■ **Directions**
No image is to be carried over; reproduce the rest of the listing word for word.

■ **Exercise data**
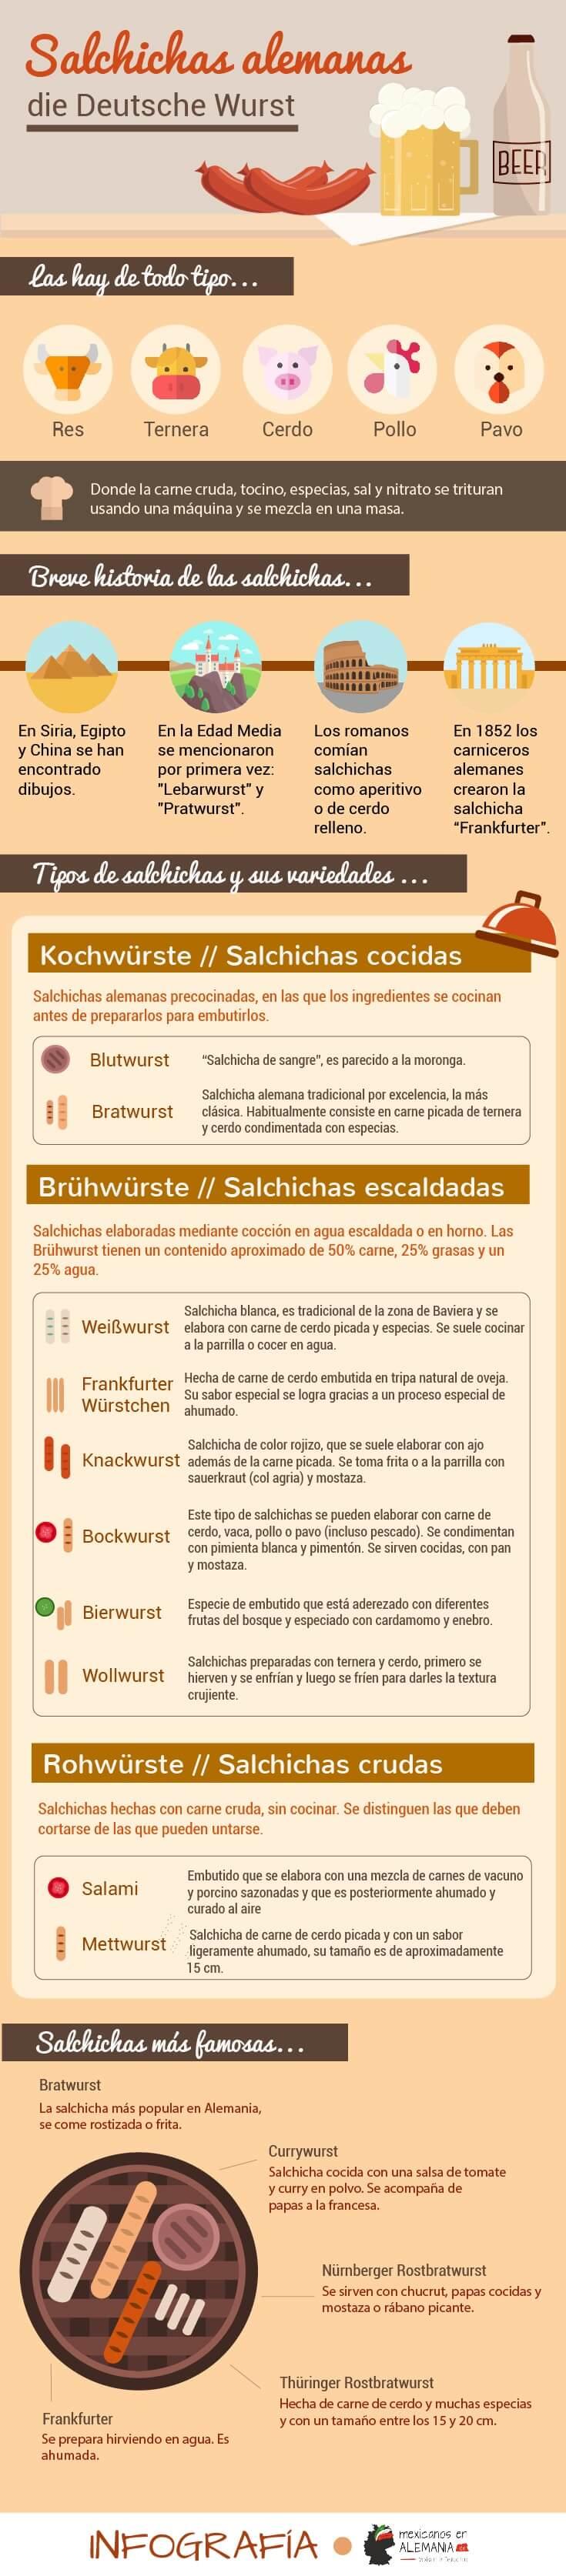 Salchichas alemanas - infografía
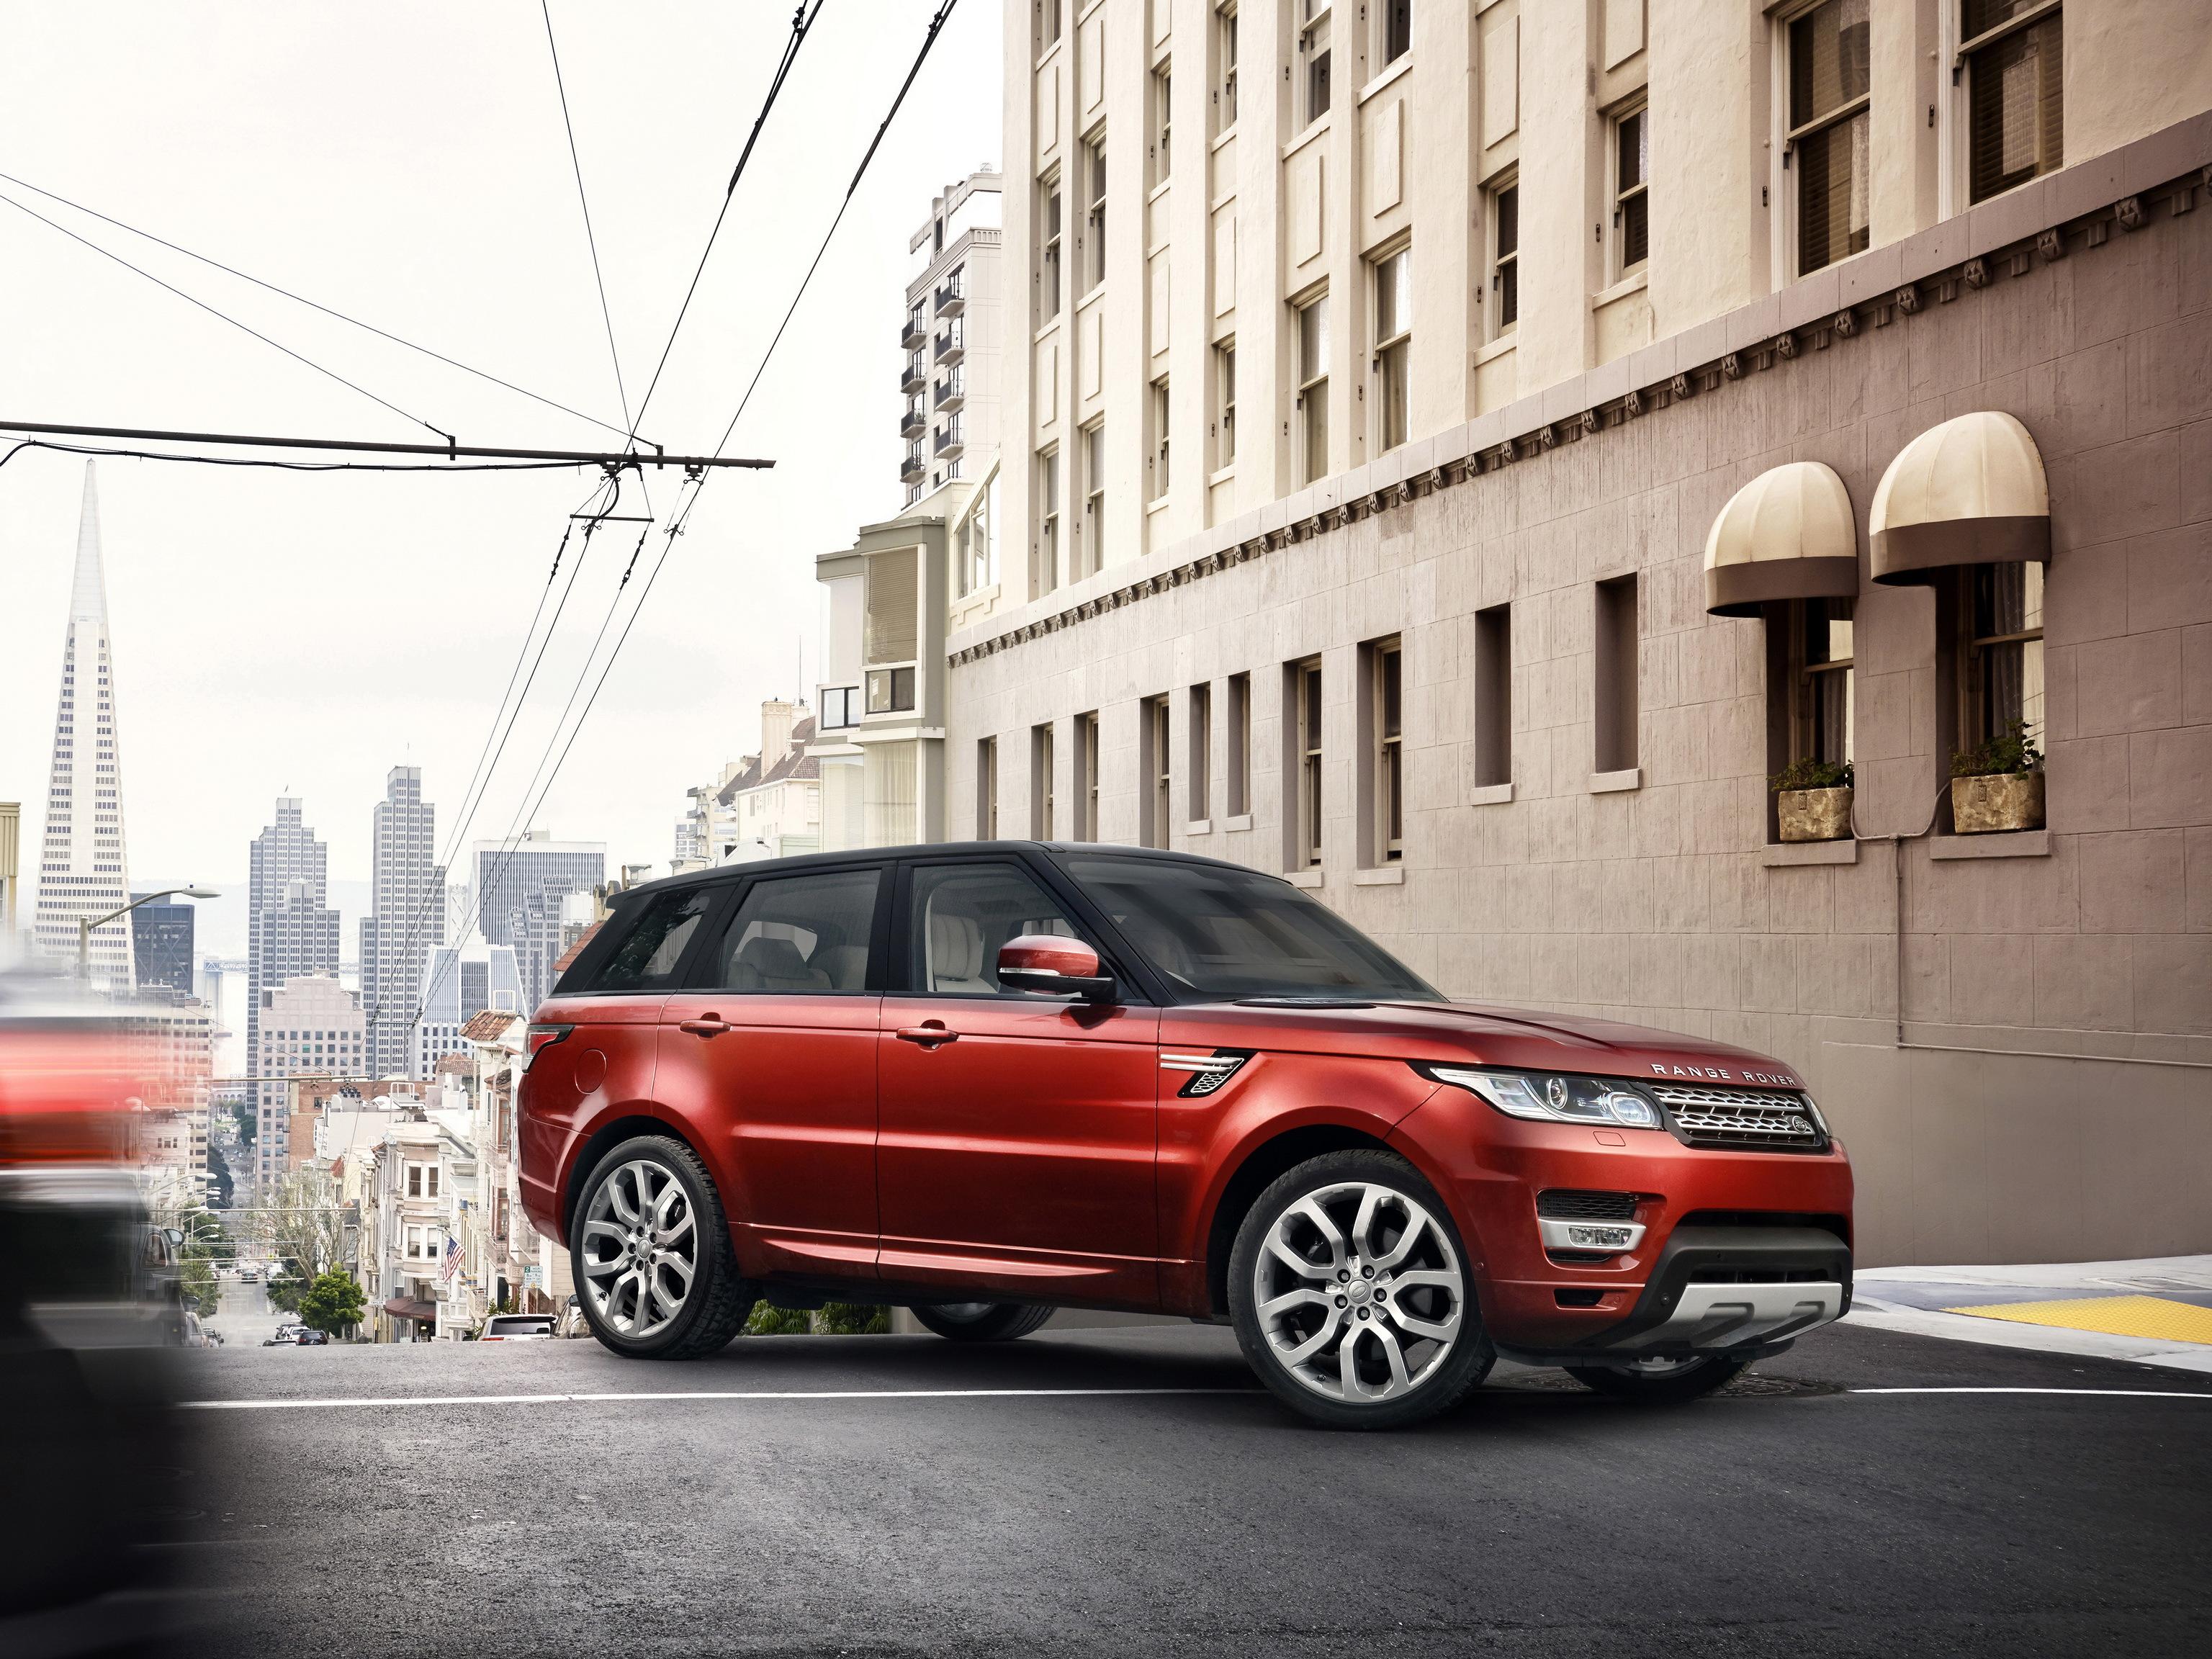 102396 скачать обои Тачки (Cars), Ленд Ровер (Land Rover), Рендж Ровер (Range Rover), Внедорожник, Красный, Город - заставки и картинки бесплатно
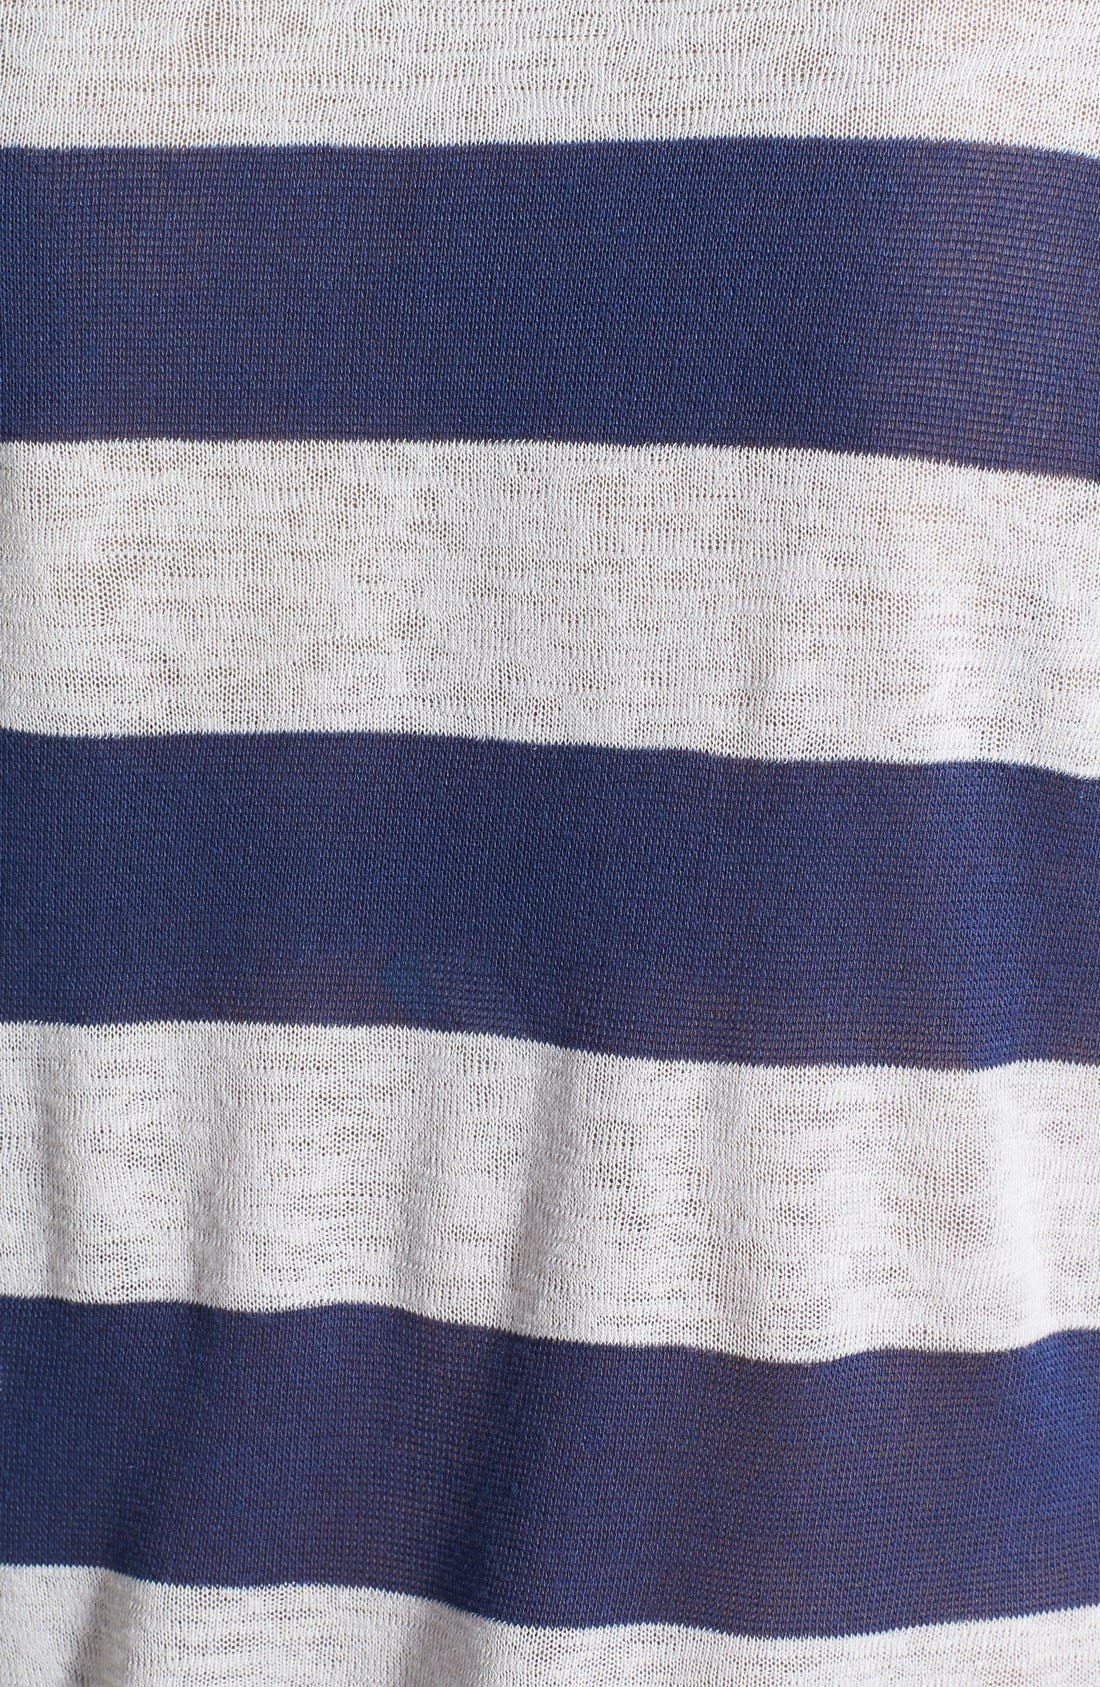 Alternate Image 3  - Olivia Moon Stripe Tee (Regular & Petite)
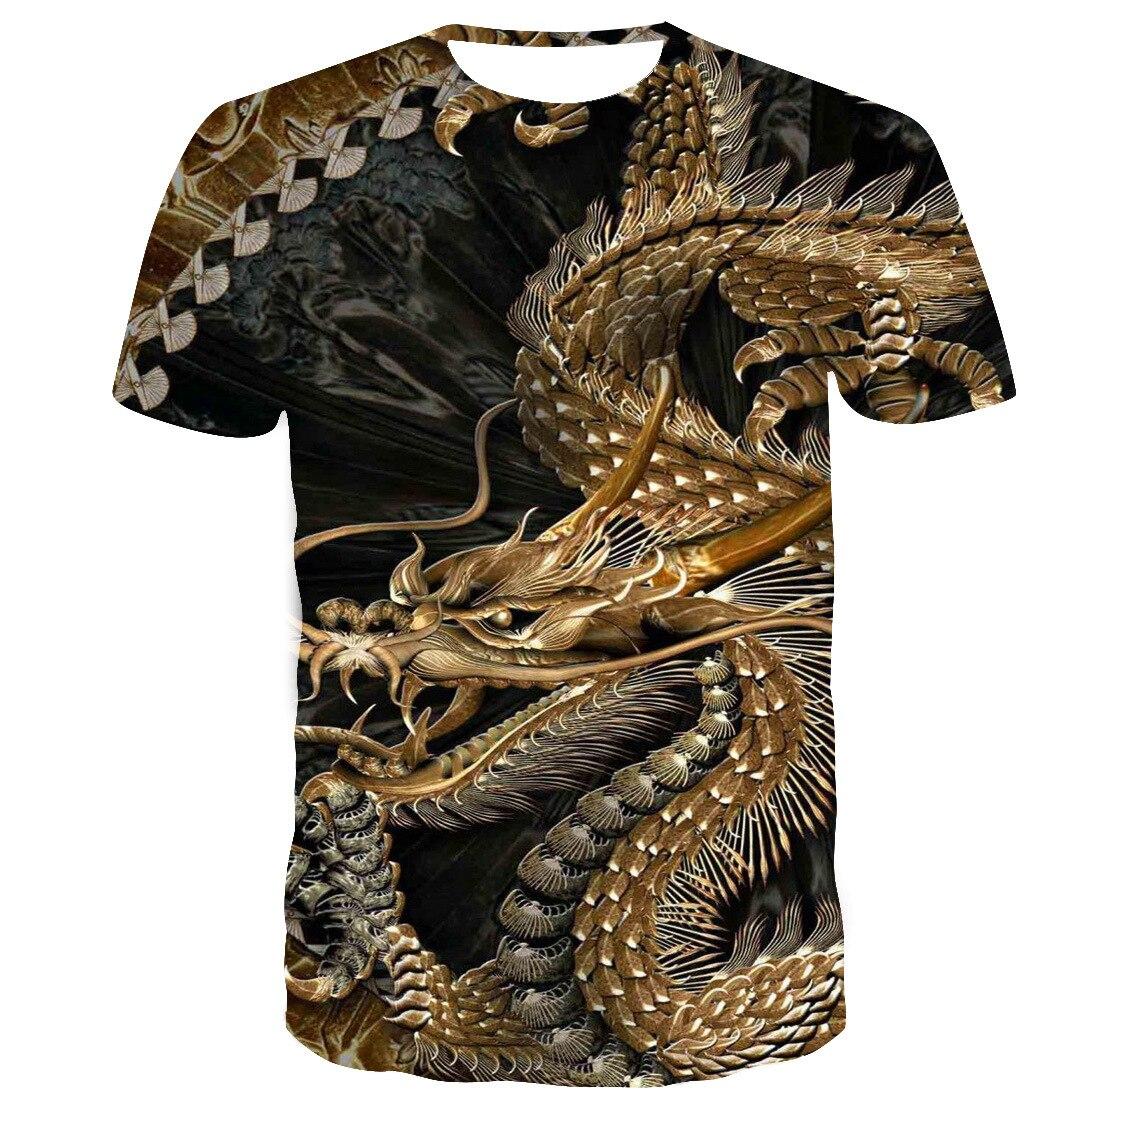 2020 popular novo chinês padrão 3d impressão personalizado dragão camiseta casual e versátil masculino gola redonda camisetas

■ **Response for this exercise**
 Salchichas alemanas - infografía
 102396 скачать обои Тачки (Cars), Ленд Ровер (Land Rover), Рендж Ровер (Range Rover), Внедорожник, Красный, Город - заставки и картинки бесплатно
 Alternate Image 3  - Olivia Moon Stripe Tee (Regular & Petite)
 2020 popular novo chinês padrão 3d impressão personalizado dragão camiseta casual e versátil masculino gola redonda camisetas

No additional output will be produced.